The Pragmatic Engineer Podcast: How AI is Changing Software Engineering at Shopify
Guest: Farhan Thawar, Head of Engineering, Shopify
Host: Gergely Orosz
Date: July 2, 2025
Location: LDX3, London
Overview
In this engaging live episode, Gergely Orosz sits down with Farhan Thawar to uncover how Shopify has reshaped its tech culture and operations by going “all in” on AI. The conversation tackles practical implementation, leadership philosophy, AI tool adoption (for engineers and non-engineers alike), organizational changes, and the real cultural impacts of “AI-first” thinking at scale.

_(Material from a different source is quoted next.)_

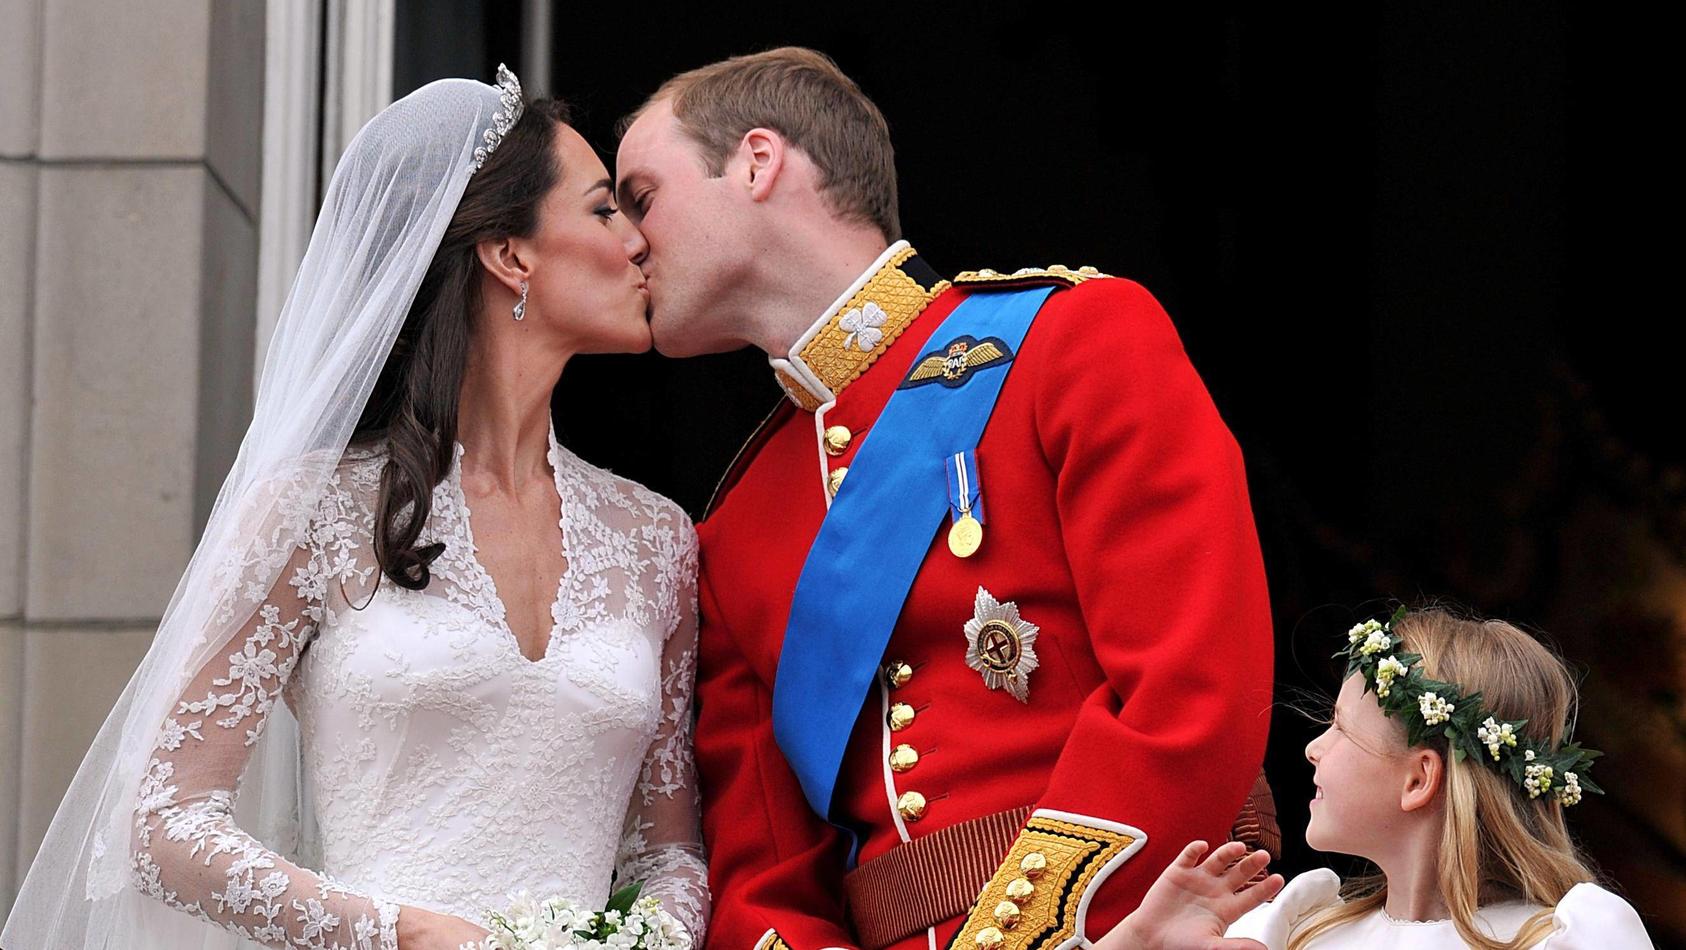 Bildnummer: 55302859  Datum: 29.04.2011  Copyright: imago/Xinhua(110429) -- LONDON, April 29, 2011 (Xinhua) -- Britain s Prince William and his bride Kate Middleton kiss as they stand on the balcony at Buckingham Palace after their wedding in Westmin
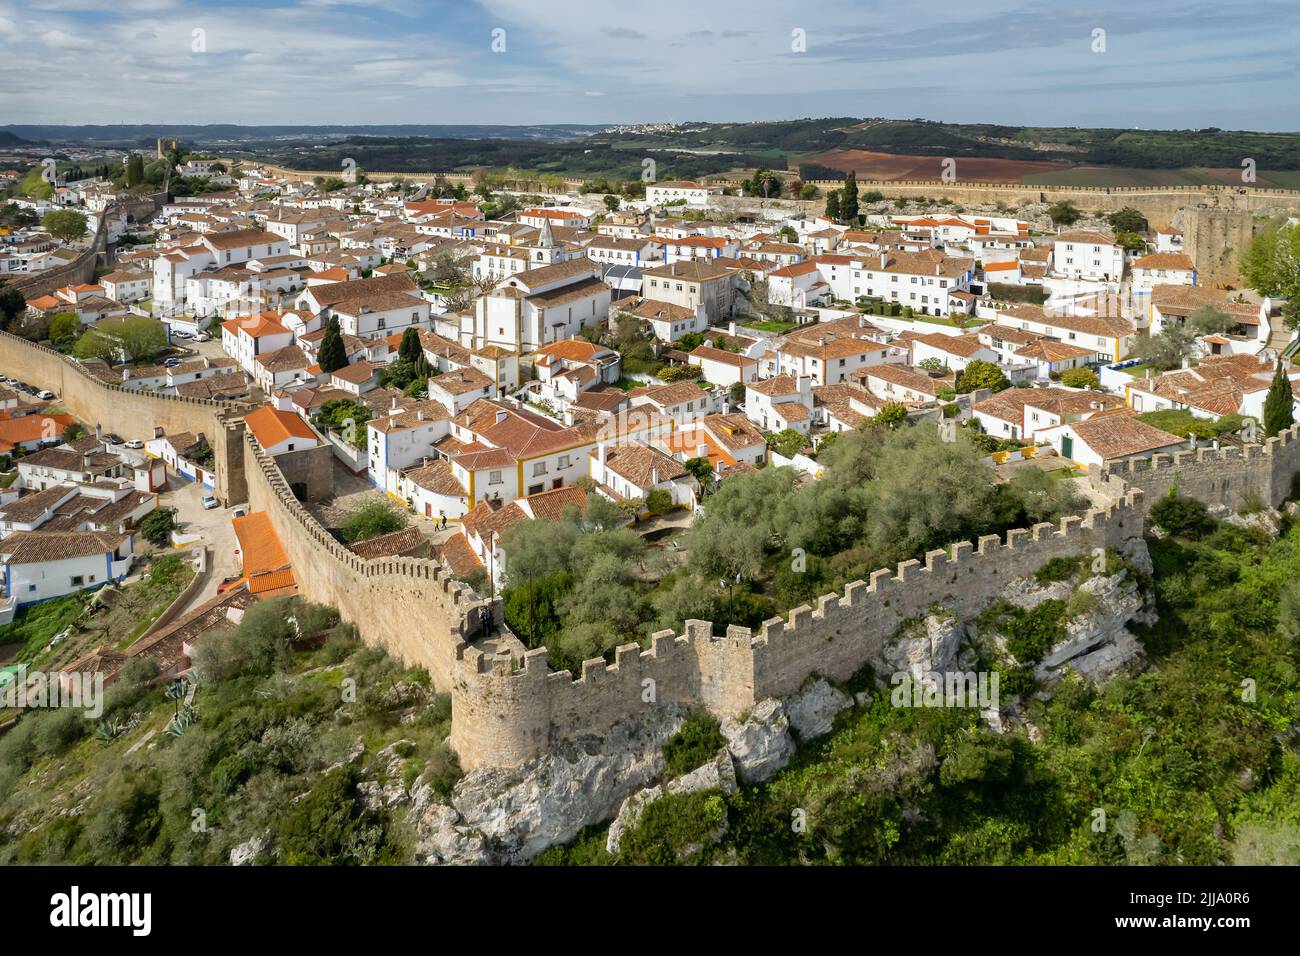 Aerial view of the historic town Obidos, near Peniche, Portugal. Stock Photo

This episode is invaluable for software engineers, tech leads, and engineering leaders who want an inside look at how a major tech company manages the transformative impact of AI, both technically and culturally.
Key Discussion Points & Insights
1. Farhan’s Role & Leadership Approach
- Shopify’s culture promotes hands-on, curiosity-driven leadership.
- Farhan is known for getting directly involved— even with tasks outside traditional leadership “swim lanes.”
- Memorable Moment:
- Farhan personally fixed the Wi-Fi for Shopify’s annual summit, installing 300 access points to improve connectivity, earning the internal title "Chief Wi-Fi Officer."
- “We don't try to put people into these roles where you are like you're in product, so only think about product or you're in engineering only think about like how the code is written or architecture. We're very much just curious problem solvers.” (02:25)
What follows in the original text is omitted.